THE DATA —
:::::

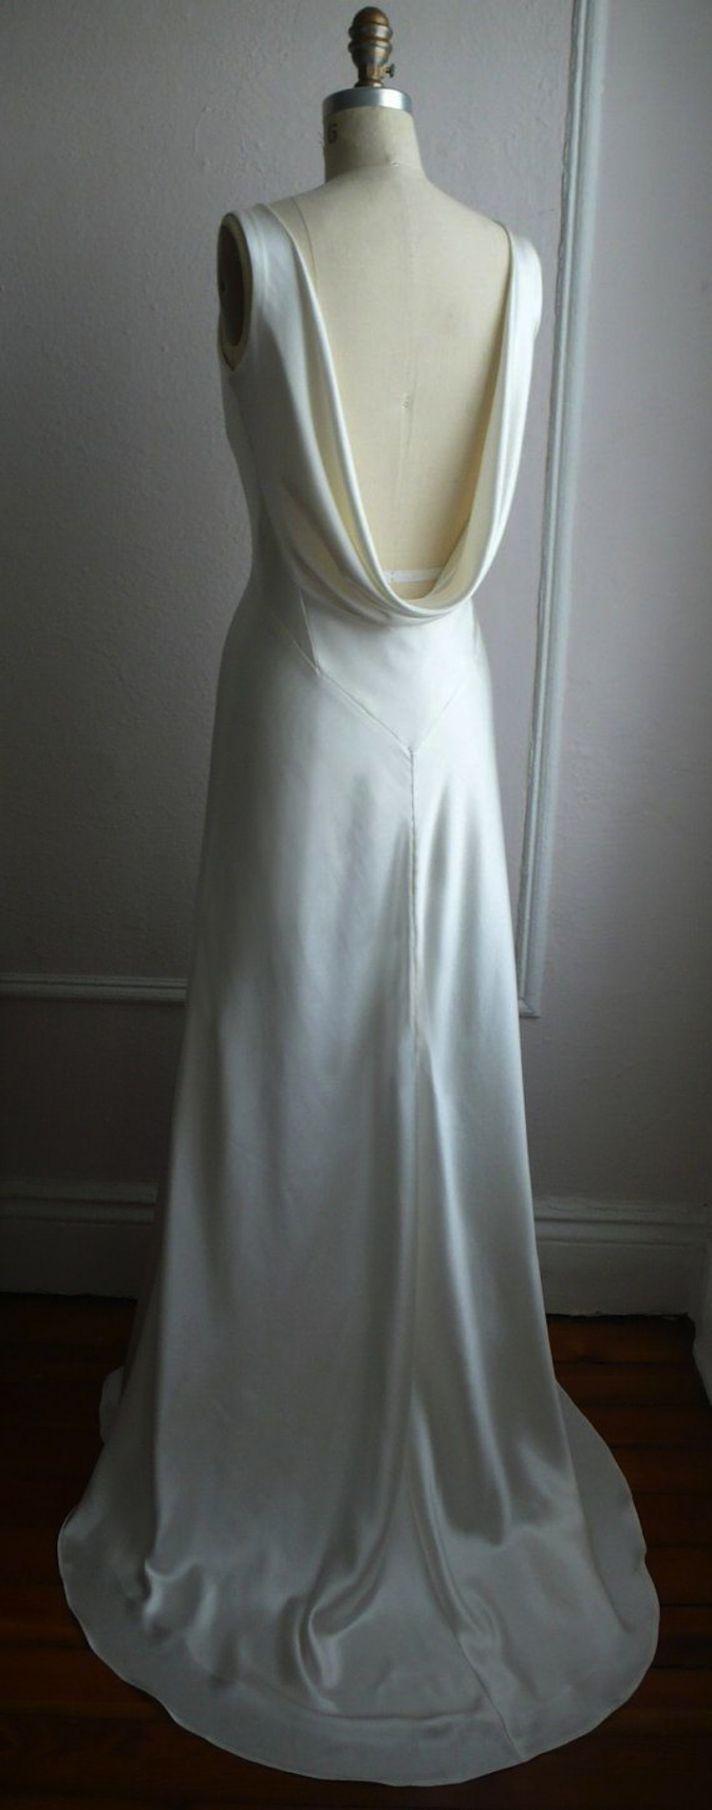 Sleek Wedding Gowns 49 Superb Old Time Silk Dress
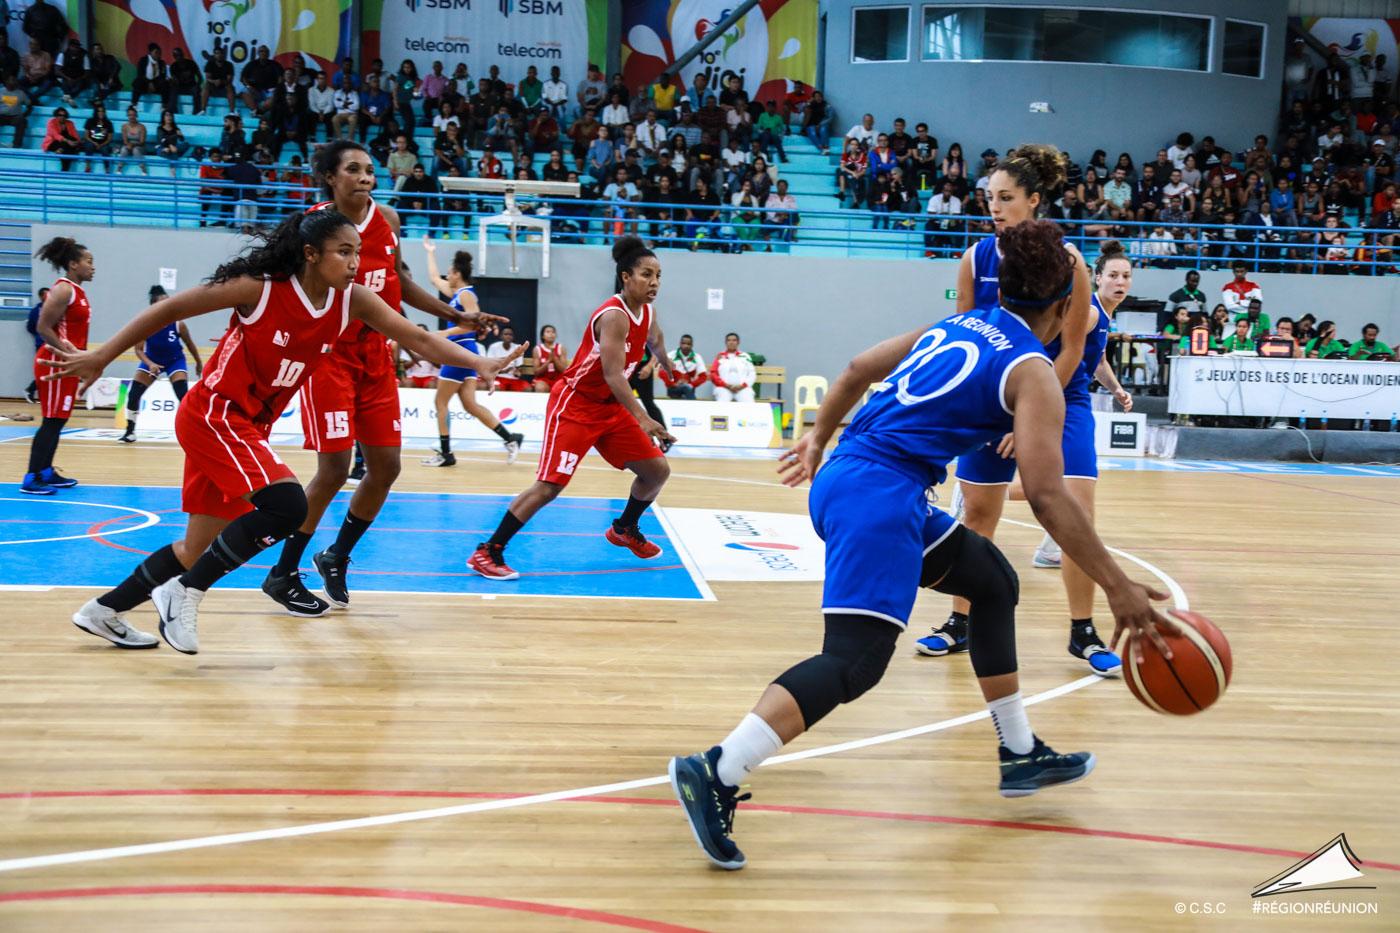 JIOI : Finale Basket-Ball (dames) : Réunion / Madagascar
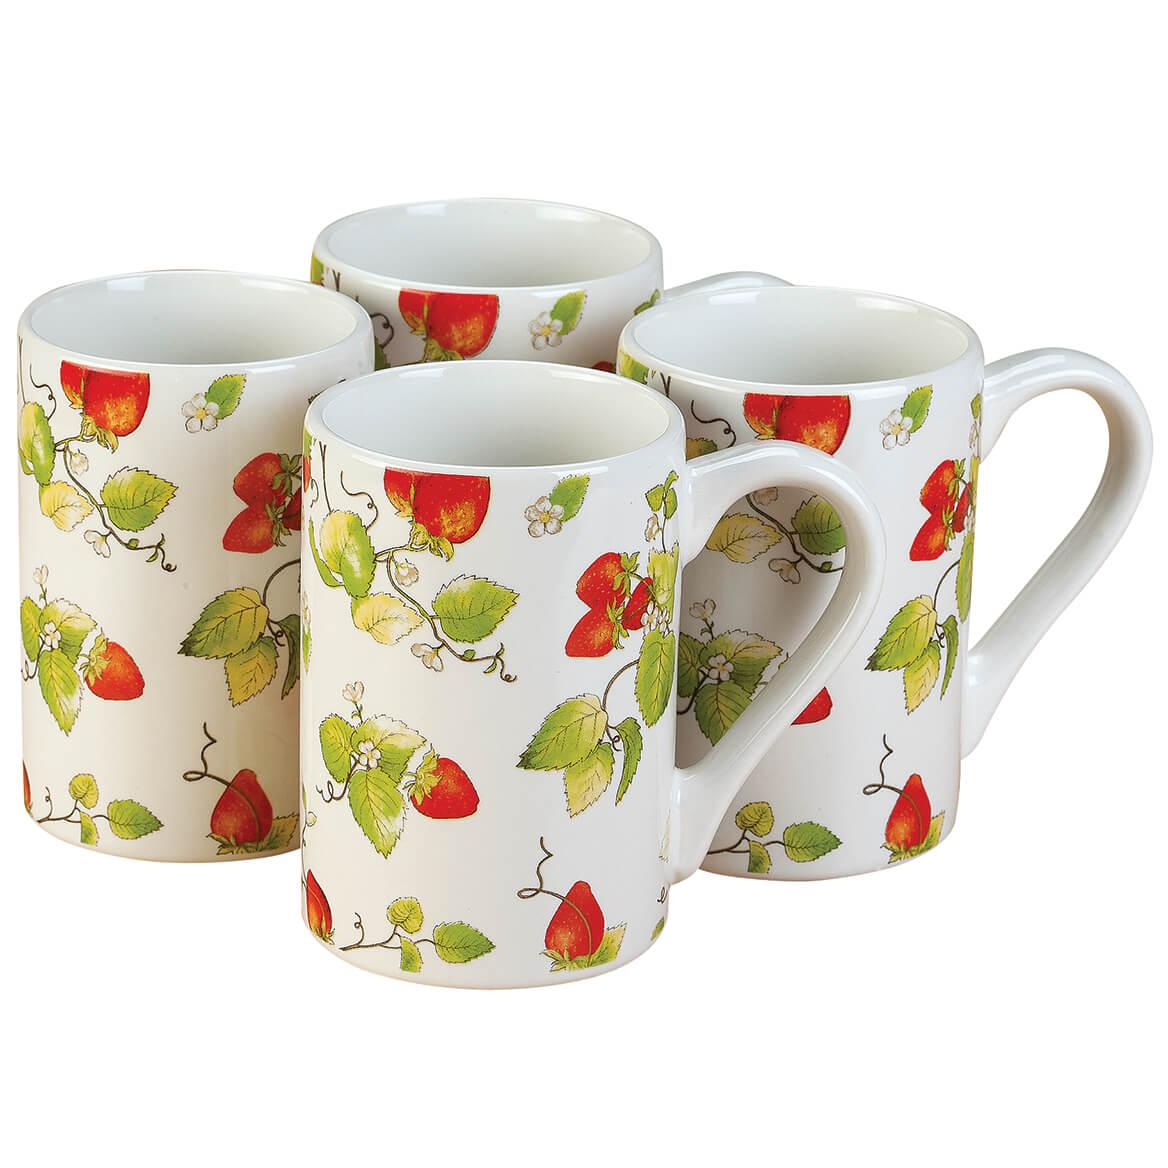 Strawberry Chintz Mugs set of 4 by William Roberts-369000

:::::

PROBLEM DETAILS —
Could you set down the material above word for word while dropping its pictures?

RESULT —
 Sleek Wedding Gowns 49 Superb Old Time Silk Dress
 JIOI : Finale Basket-Ball (dames) : Réunion / Madagascar
 Strawberry Chintz Mugs set of 4 by William Roberts-369000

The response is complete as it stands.